Too Good to Be True?

If you came here by way my flickr D7000 13.5 Stops!! image you have seen that I added (12 Stops Maybe?) to the title. So what is the true scoop?  Bottom line--Old Scrib messed up a bit. About half way messed up.


The part about being able to pull out a very noisy image  even when you shoot 13 stops underexposure is true. I just didn't prove that using the screen shot I posted. Those images were, as I originally suspected and talked about in the last post, a little too good to be true. 

Here is my take number two on the Dynamic Range question.  How do I know this experiment is more correct?  If I had halved  my exposure one more time for the last post I would have discovered  that the CMOS sensor and A/D in the D7000 doesn't mess around.
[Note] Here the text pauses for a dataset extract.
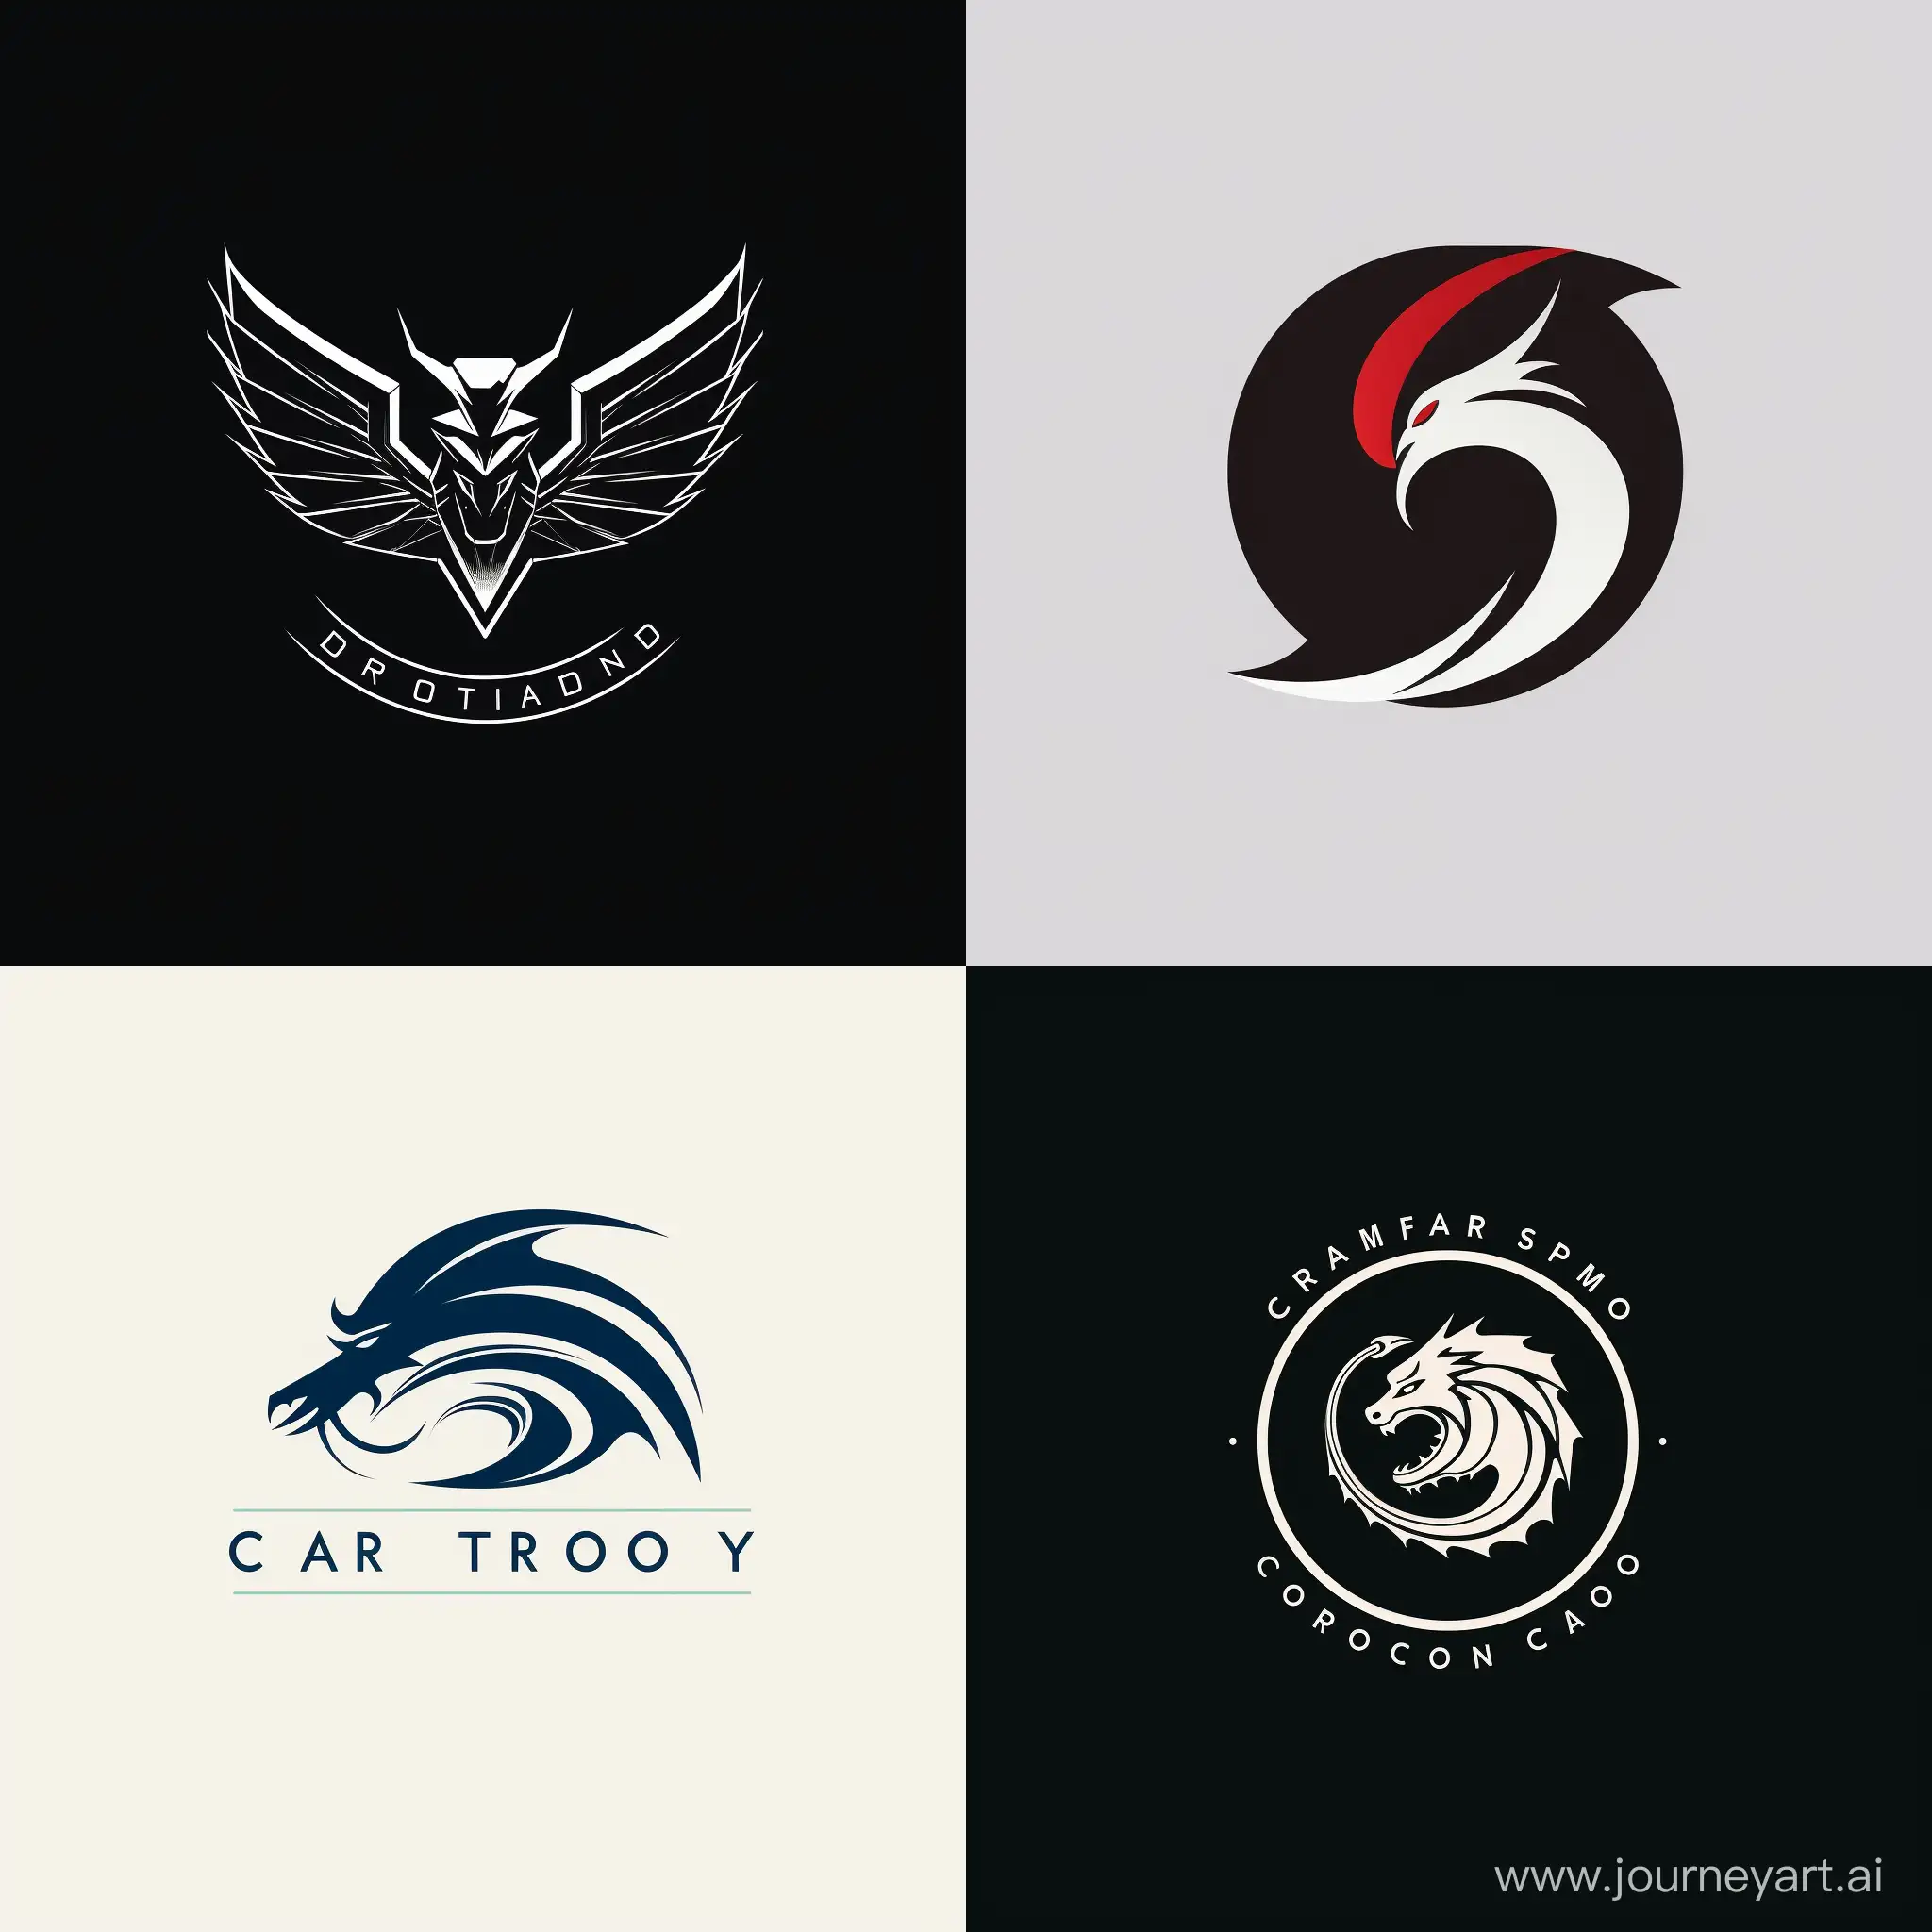 Minimalistic-Cargo-Transportation-Company-Logo-with-Dragon-Design

When it drops over the no data to digitize cliff it doesn't produce a very noisy black image.  Instead the image stays 0,0,0 no matter how much I tried to brighten it.

Picking the exposure where the brightest part of the image is just about to bloom and then counting down stops is subject to experiment error.  Counting up from total black is better. And since I did it both ways this time I'm more sure of my exposures.


The image below is 9 stops under exposed.  A corner of the white paper by the rack started to blink using ACR and a 4 second exposure. With a 1/4000 exposure  that image was totally black. The D7000 was set to take 14bit uncompressed RAW. The IS0 was set to 100, the only real ISO of the camera since any other setting only amplifies the ISO 100 image.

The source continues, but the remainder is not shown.